Manoj Kumar, who has been selling flowers on MG road for the last 30 years, said, “We buy the roses in bunches of 20 for Rs 300. We raise the price for the 13th and 14th as the market value rises due to demand. But of late, there are fewer people buying flowers. There was a time when we used to prepare for Valentine’s Day by purchasing 100 such bunches so that we do not run out. We also used to get an average of 10 orders of bouquets. This year, we have no prior orders and some people are just buying single roses. After these two days, the roses will perish and we will have to throw them all out.”
D N Godse, who has been a florist since 1986, reiterated that the practice of buying flowers was no longer prominent. “We try to sell out as many (flowers) as possible. But over the last few years, the trend of buying flowers is drying up. When it comes to flowers like the rose, they get soft very easily, and if people do not buy them in the season, we have to incur losses,” he said.
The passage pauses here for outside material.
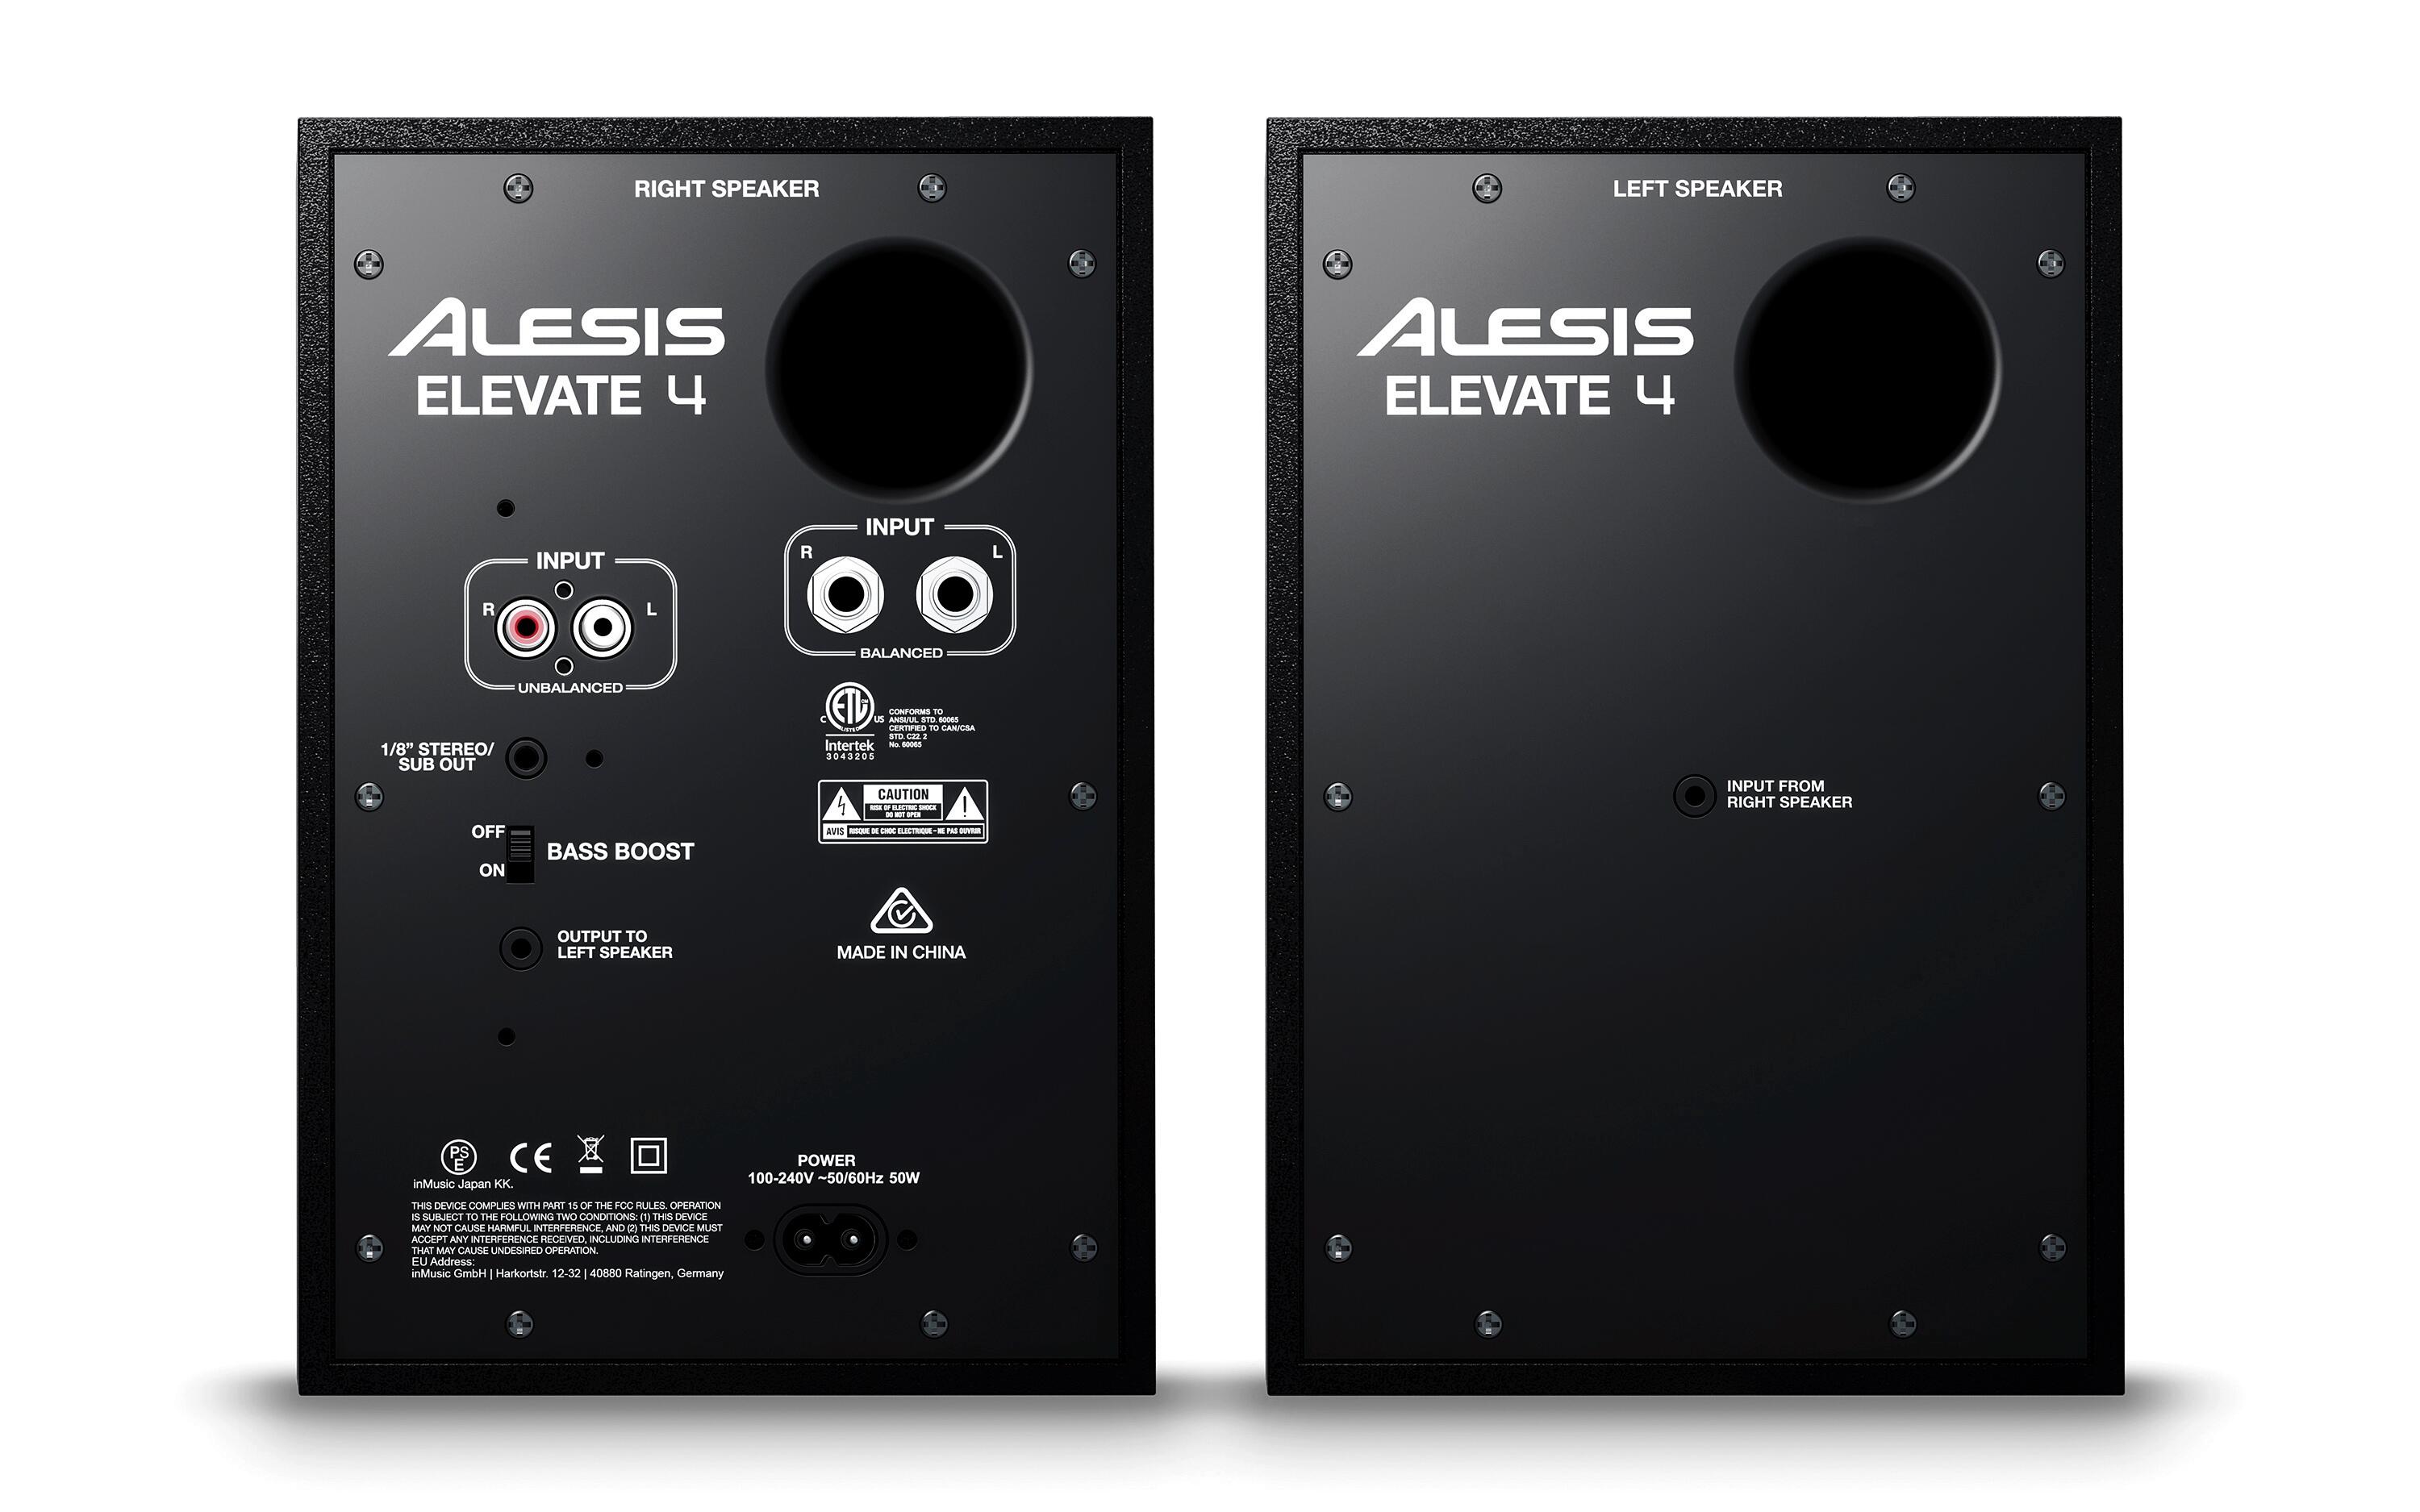 Alesis Elevate 4 speakers rear

“Gifting patterns have changed among people due to economic decline. Earlier, people made plans and bought gifts days prior to Valentine’s Day. Now, it has become a last-minute purchase that fits the budget. We are anticipating footfall to increase later in the evening,” said Vinodkumar Arora, owner of the Archies store at M G Road.
Some college-goers also said that the conventional ways of celebrating Valentine’s Day are changing slowly.
Piyush Dongre, a final-year engineering student, said that instead of focusing on only one day, people should spend time with their partners every day of the year. “People no longer conform to conventional ways of celebrating. The prioritisation has changed and gifting is the last thing. Instead of buying flowers and teddy bears, which serve a purpose for just one day, we try to gift something that the other person might need, like a notebook,” he said.
Yash Tope, a second-year media student from Garware College, said that people who are single should celebrate themselves on February 14. “People should get out of the idea that singles mope on Valentine’s Day. Watch a movie, treat yourself…” he said.